# [The data]
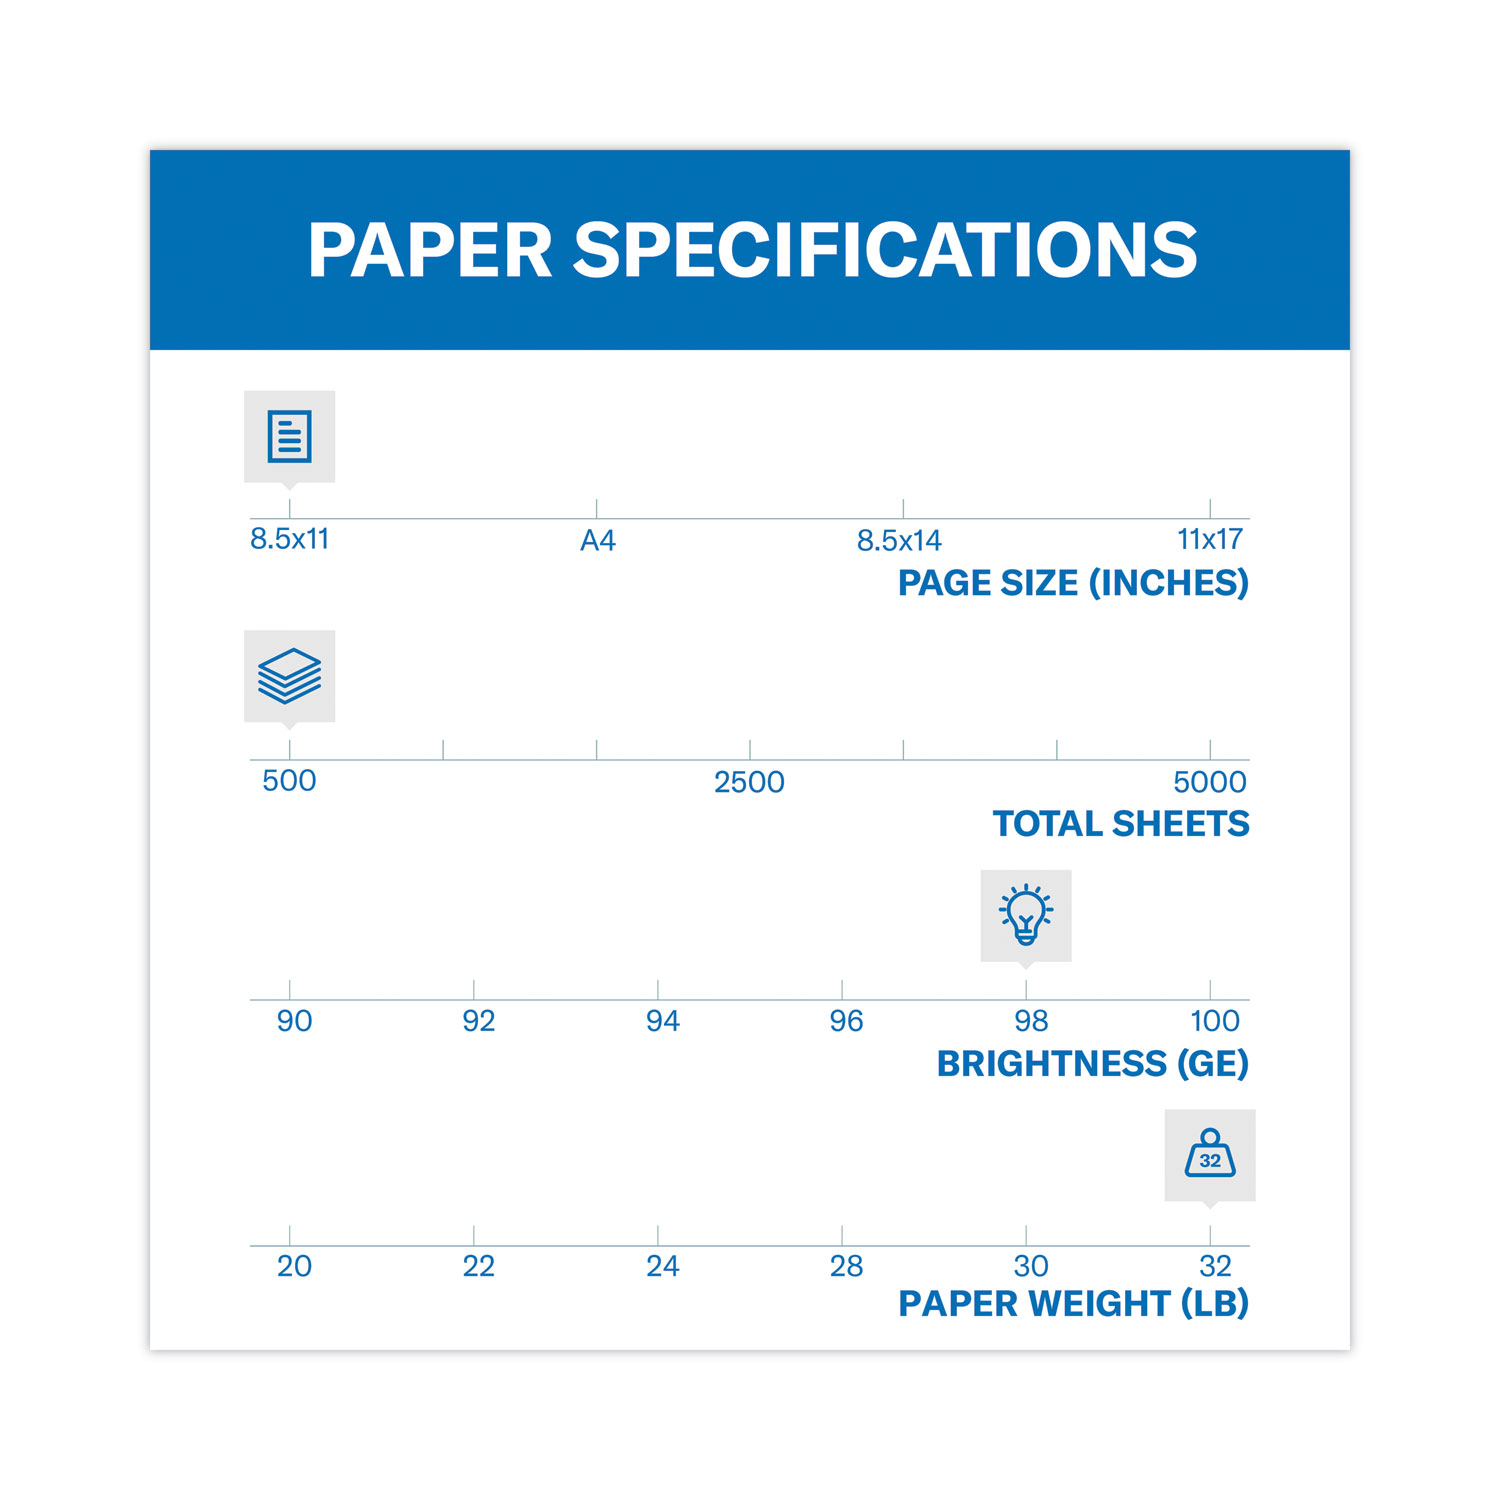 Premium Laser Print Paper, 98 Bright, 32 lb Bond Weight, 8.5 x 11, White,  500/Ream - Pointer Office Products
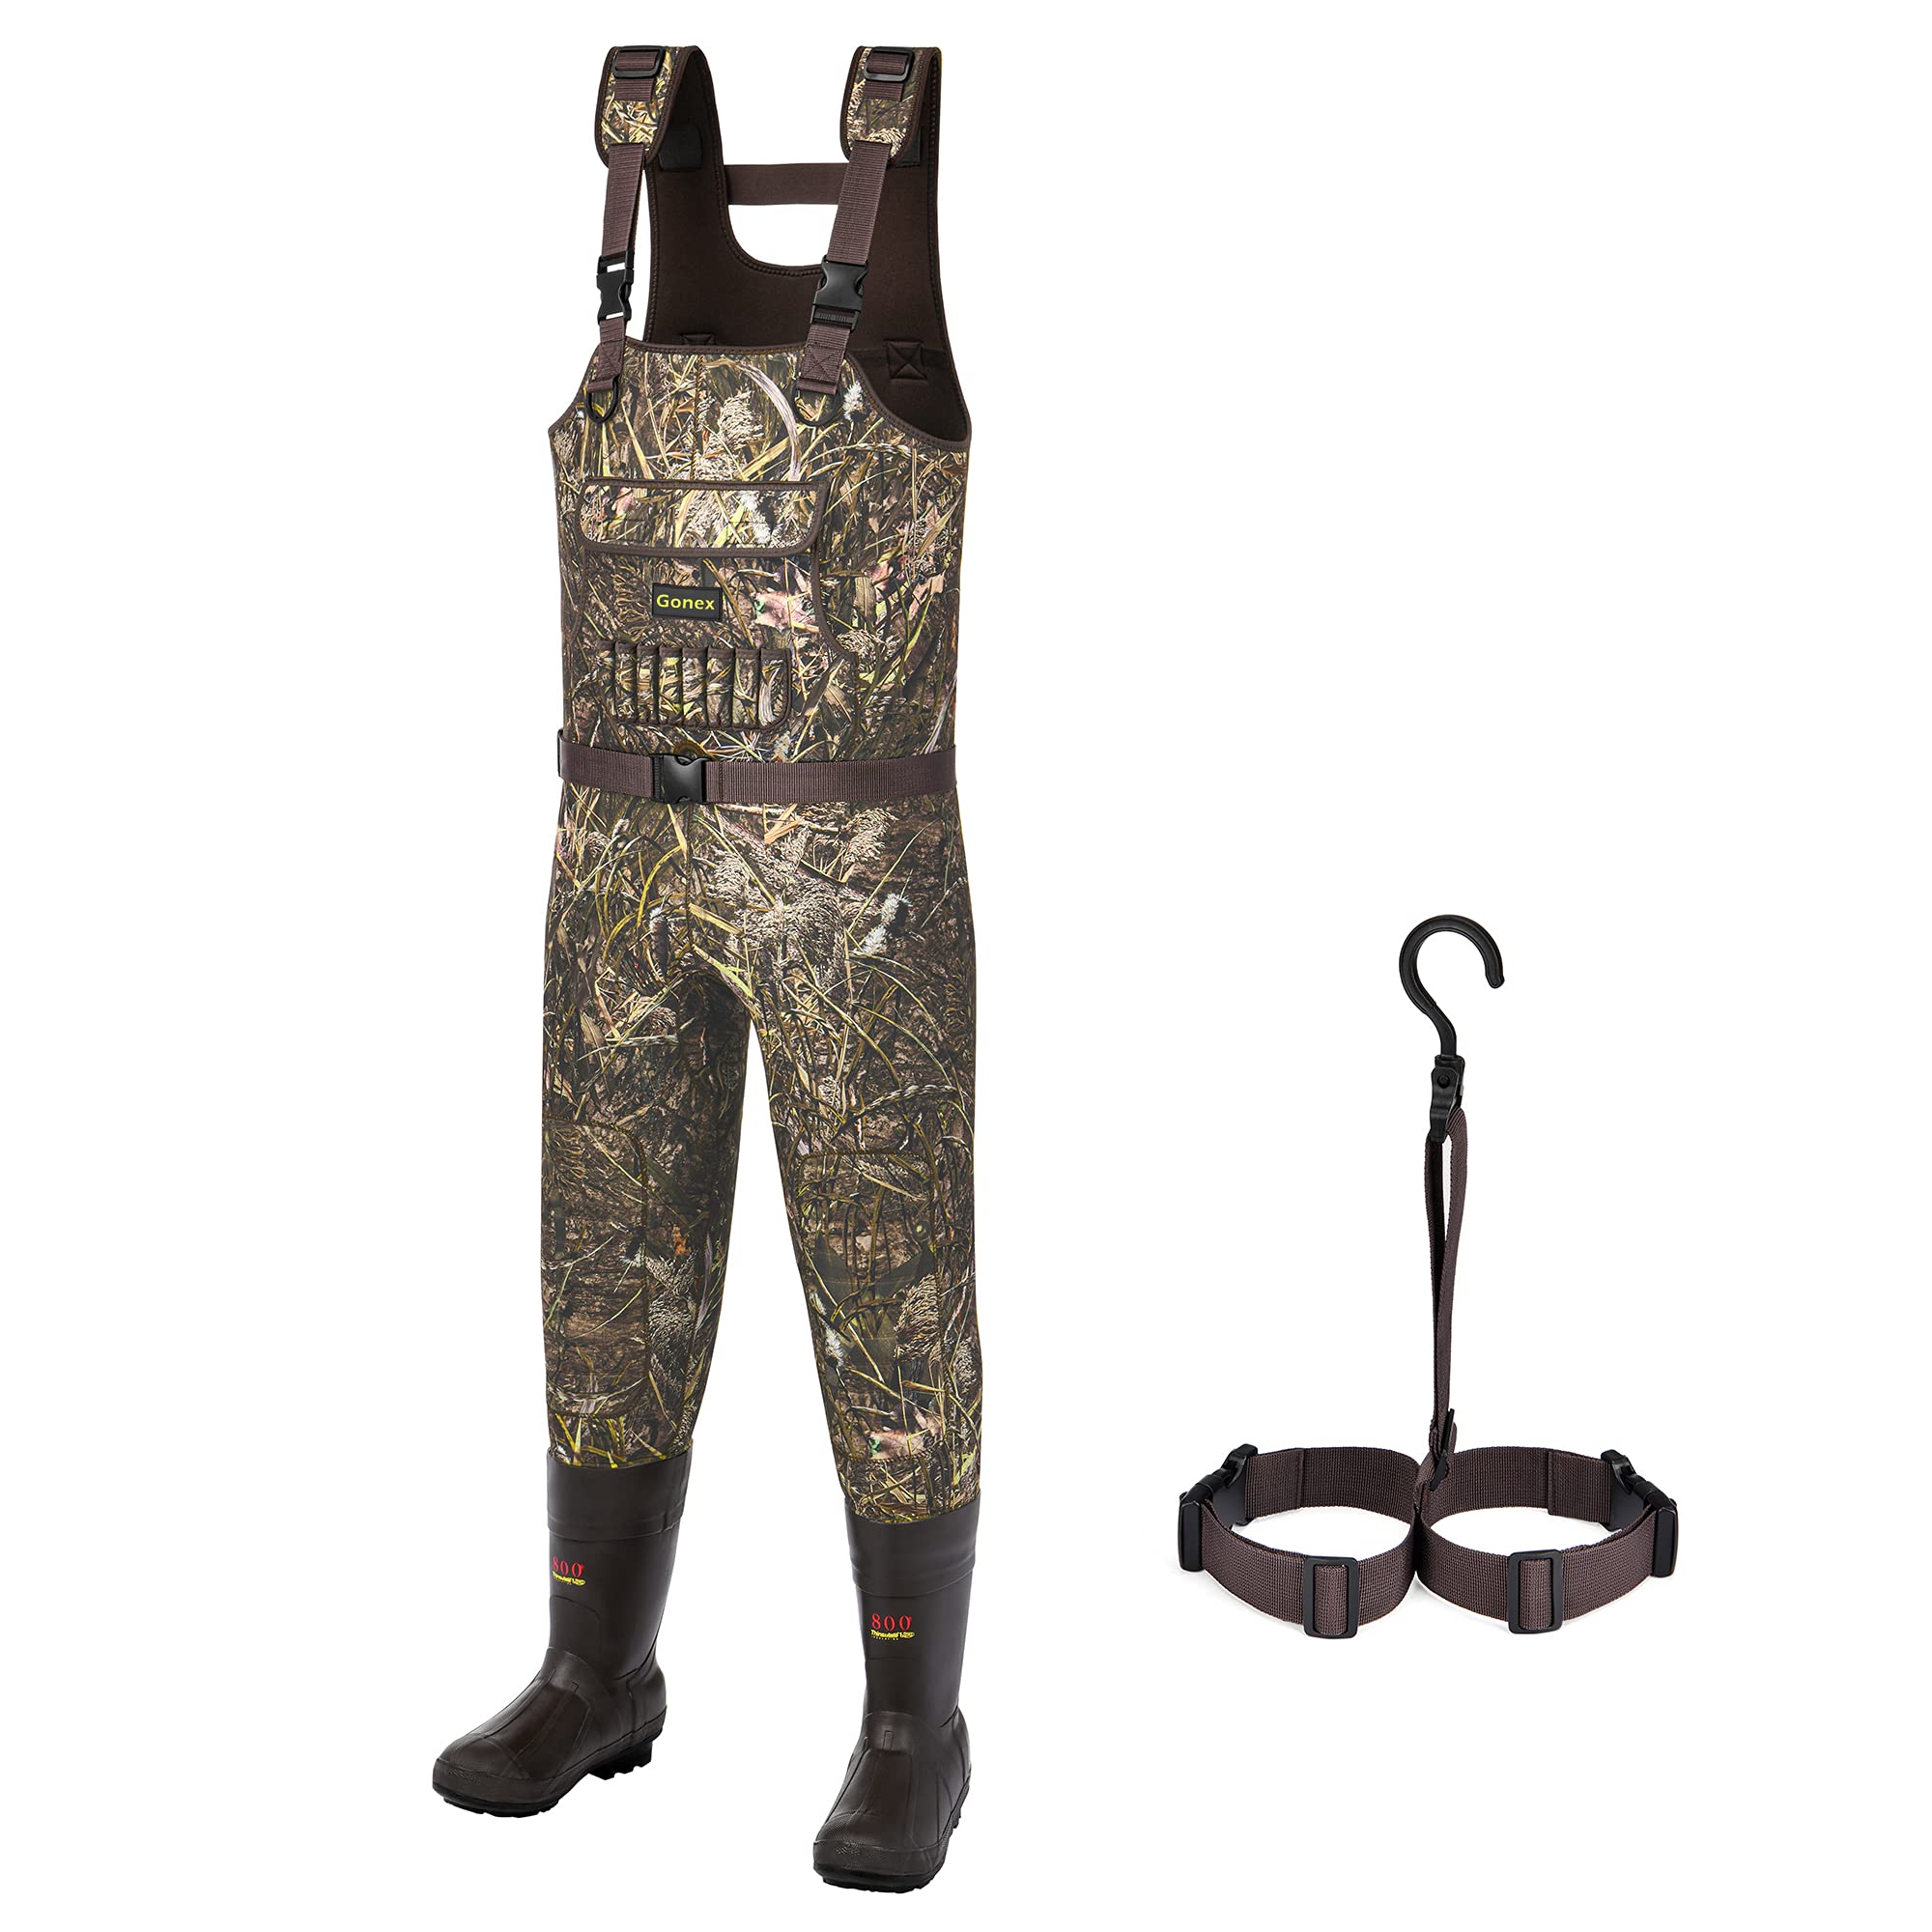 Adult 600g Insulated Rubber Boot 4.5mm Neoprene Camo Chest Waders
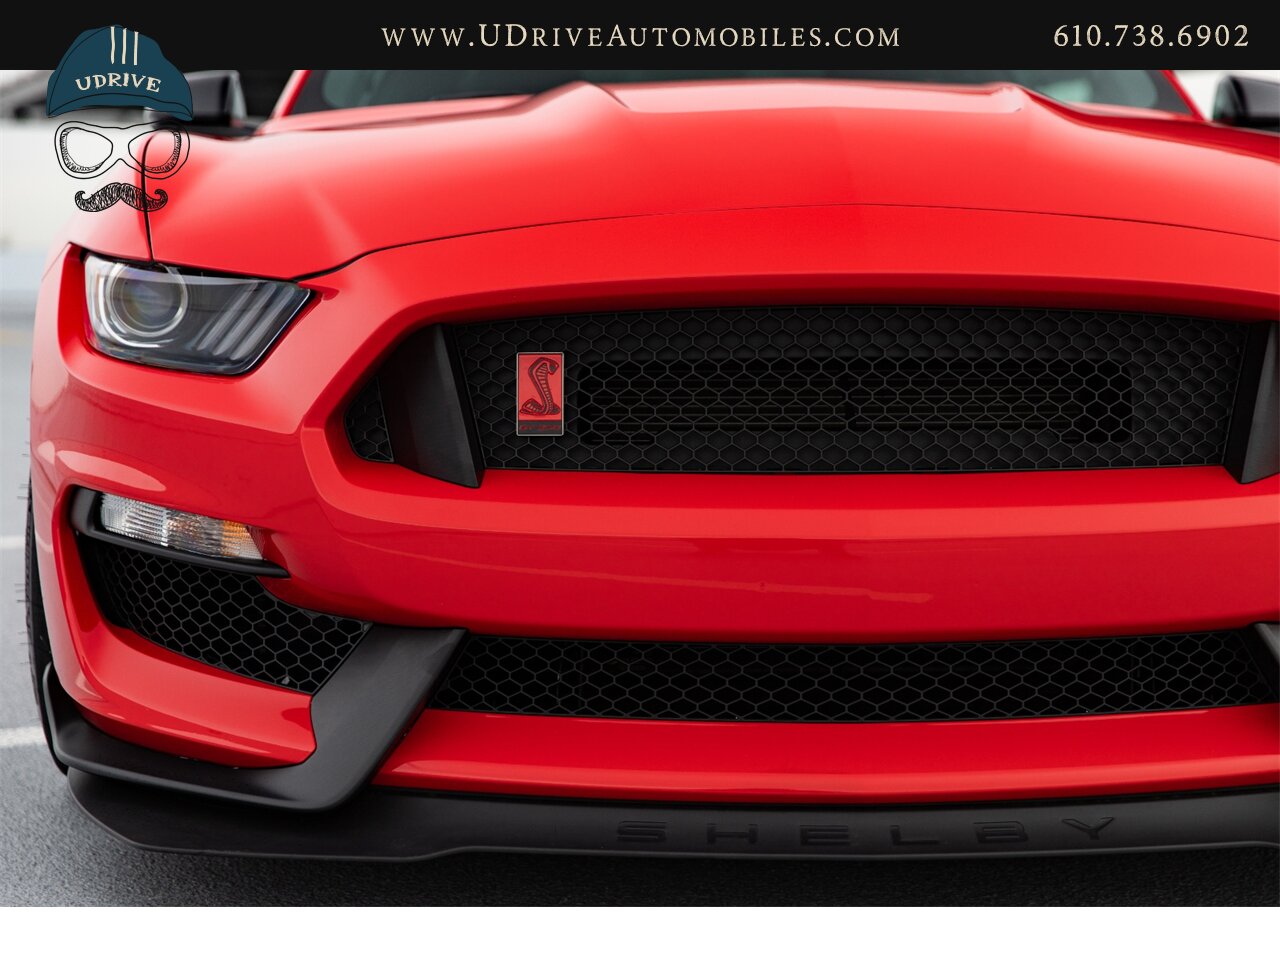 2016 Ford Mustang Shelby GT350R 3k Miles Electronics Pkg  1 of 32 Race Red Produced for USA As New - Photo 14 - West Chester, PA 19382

# [Work request]
Exclude all images and retype the data precisely.

# [Expected output]
 Premium Laser Print Paper, 98 Bright, 32 lb Bond Weight, 8.5 x 11, White,  500/Ream - Pointer Office Products
 Adult 600g Insulated Rubber Boot 4.5mm Neoprene Camo Chest Waders
 2016 Ford Mustang Shelby GT350R 3k Miles Electronics Pkg  1 of 32 Race Red Produced for USA As New - Photo 14 - West Chester, PA 19382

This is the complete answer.